So I managed to schedule a few flows using AWS ste...
# ask-metaflow
h
So I managed to schedule a few flows using AWS steps and AWS batch for compute, which is great. Let us say I schedule a flow daily at 1am UTC and I would like to consecutively run other flows, depending on when the scheduled flow has completed - its run time may fluctuate let us between 1-2 hours? Can this be achieved with just AWS and MetaFlow (don’t think I can pester DevOps to also get Argo up nor can I currently face the learning curve). Ideally I would like to keep the flows separated as well. Any feedback very much appreciated please. Thanks! PS: Just looking at this: https://docs.metaflow.org/production/event-triggering/flow-events which may be the solution for my use case?
1
r
@happy-wolf-7852 I think the
trigger_on_finish
decorator can work for your situation. I was going to suggest that documentation as a starting point.
That's similar to what we do. First flow is scheduled, and then the flows that follow are all using
trigger_on_finish
for the flow that they depend on in front of them. This allows us to make sure the flows finish first, and that the run is available (which we are checking in the start step)
most of our infra is on GCP, but we switched Metaflow to AWS because it seemed more straight forward using the AWS services.
h
Thanks but having reread this, does this not require Argo?
Copy code
python firstflow.py argo-workflows create
python secondflow.py argo-workflows create
r
I'll have to circle back with the team to double check. I might be misspeaking, but I remember we had moved Metaflow to AWS specifically to not have to use Argo, but maybe I missed something.
h
Thanks @rich-toothbrush-6560 yes that’s what I am doing - I schedule flows as step functions (e.g. daily at 1am or every N hours). However, I struggle somewhat with establishing dependencies without having to assume that scheduled flow 1 always completes before 1am + 35 minutes, which may work for now … so ideally I want to be able to trigger consecutive flows on the back of a completed “aws step function scheduled flow” …
r
yeah totally makes sense. Our flows are highly variable with times as well, plus passing data between flows, so we definitely need it to complete as well, otherwise we are just repeating a previous run 😅
h
I take it you must use Argo?
r
I'll circle back with the team. I could have swore they removed Argo, but it wouldn't be the first time I was wrong this week.
👍 1
@happy-wolf-7852 yeah confirmed, I guess they moved Argo over as well. But it should be possible as of recently. This looks interesting: https://docs.aws.amazon.com/step-functions/latest/dg/sample-start-workflow.html
👍 1
h
As a workaround you can trigger the other SFNs directly via
boto3
🙌 1
👍 1
r
@hundreds-rainbow-67050 was there a limitation to implementing this? Maybe a good feature to pick up?
h
@hundreds-rainbow-67050 thanks - any code snippets you could point me to please?
h
I don't have the historical context, but this is also a feature that my team has wanted in the past
1
I don't have access to the actual code anymore, but it was something like the following. IIRC you also have to grant permissions to the Batch role to trigger SFN (and describe-executions if you want to wait for the run to complete)
Copy code
import boto3
import json

def trigger_sfn(state_machine_arn, input_data):
    sfn_client = boto3.client('stepfunctions')
    input_json = json.dumps(input_data)
    params = {
        'stateMachineArn': state_machine_arn,
        'input': input_json
    }
    return sfn_client.start_execution(**params)

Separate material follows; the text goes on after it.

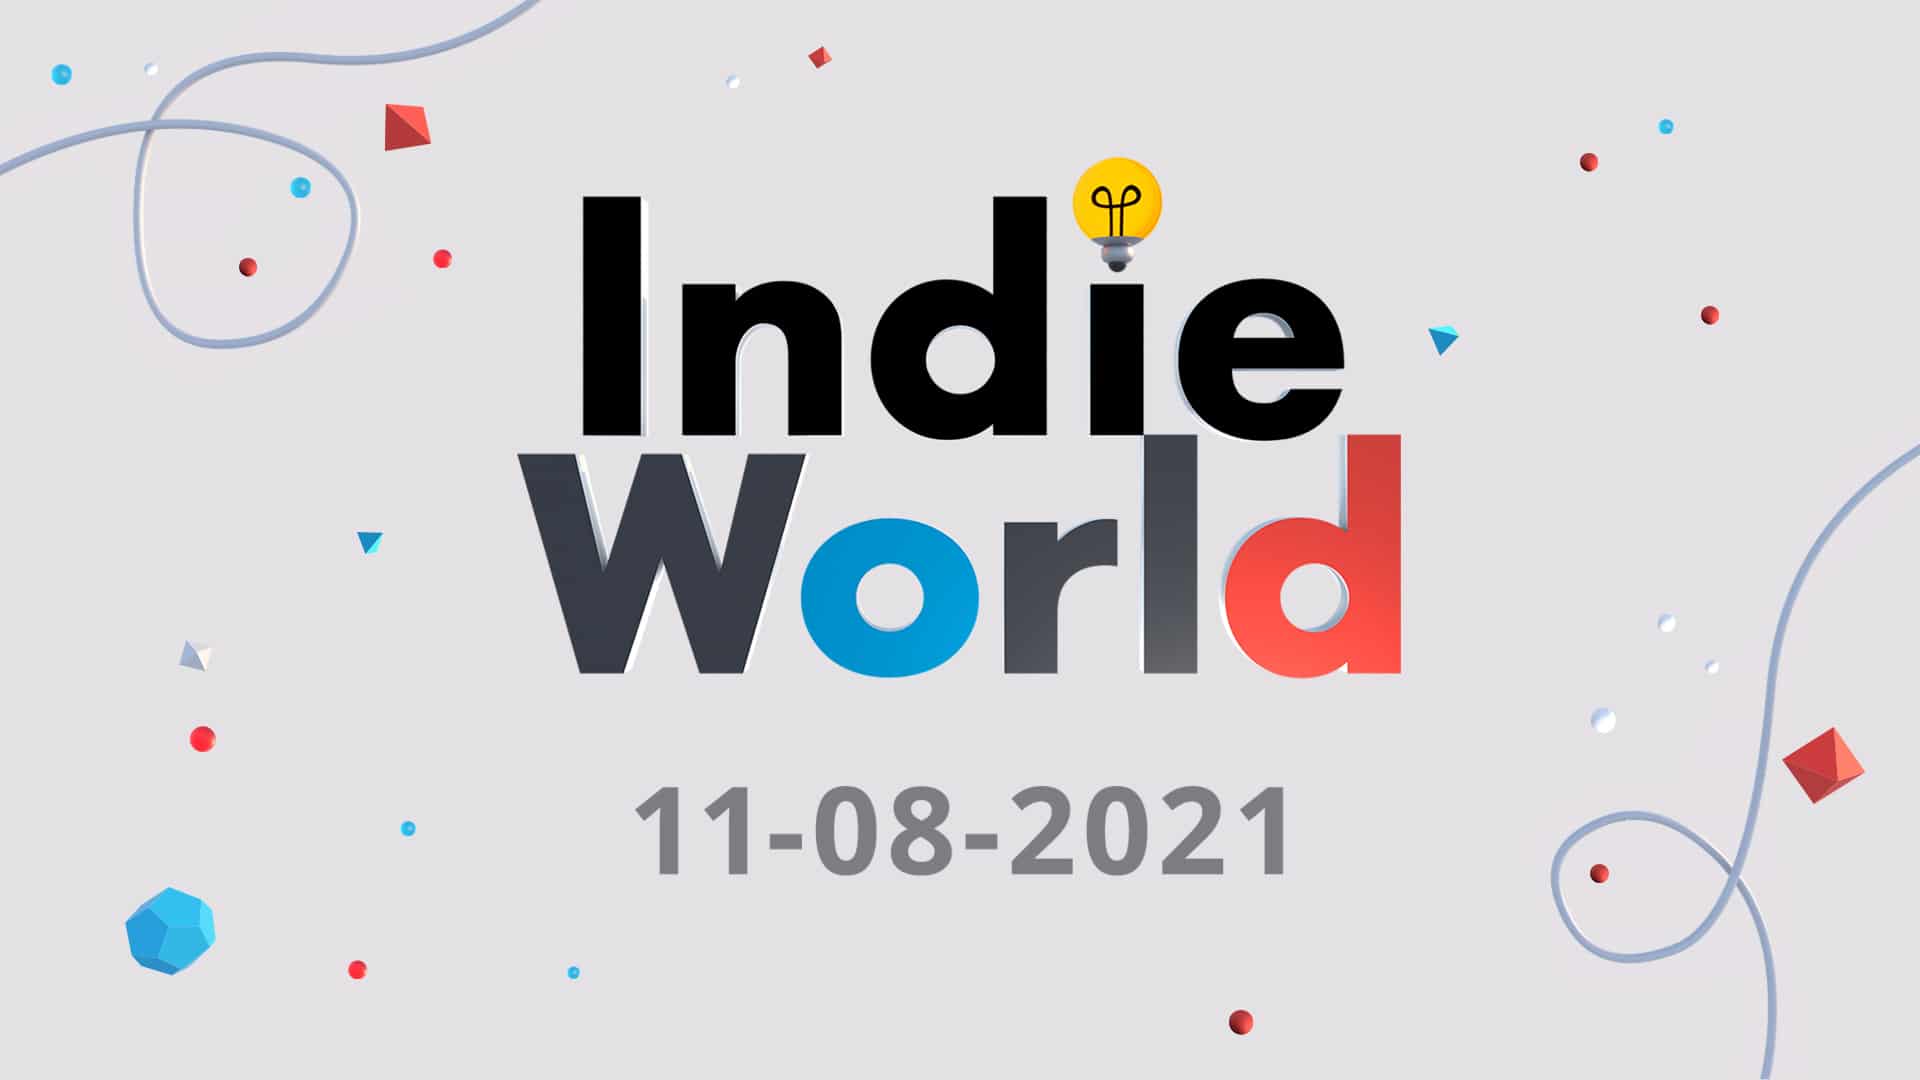 Nintendo anuncia una nueva presentación Indie World Showcase para mañana: horarios y detalles

if __name__ == "__main__":
    state_machine_arn = 'arn:aws:states:us-east-1:123456789012:stateMachine:YourStateMachineName'
    input_data = {
        'Parameters': {
            'key1': 'value1',
            'key2': 'value2'
        }
    }

    response = trigger_sfn(state_machine_arn, input_data)
h
So from what I understand, the flows have all to be deployed to/as AWS step function but the dependent one won’t have a schedule decorator? I may start there and see. Thanks!
h
yes that's the idea
👍 1
s
@happy-wolf-7852 - Nissan's pattern is now a little bit more easier with the Deployer API
you can embed the deployer method in your end step and it will take care of invoking the downstream flow for you
@brainy-truck-72938 might have a few examples handy
❤️ 1
👀 1
h
I have scheduled everything at certain times for now as I use AWS batch and AFIK stuff is only executed sequentially (like a FIFO) in our current setup things may actually “synchronise”. I will let it run over night and have a look tomorrow 🙃.
h
@ancient-application-36103 good point. I guess Runner could also work? When should someone use Runner vs Deployer?
b
I can try to come up with an example that uses the
Deployer API
within the
end
step
@hundreds-rainbow-67050 Deployer is for
deploying
a flow to a production grade orchestrator such as
Argo Workflows
,
Step Functions
and triggering the flows which are deployed there... Runner is for running a flow (that still might target a mix of compute platforms such as
kubernetes
,
batch
) -- but the flow is not run via an explicit orchestrator i.e. via Argo, Step functions
❤️ 1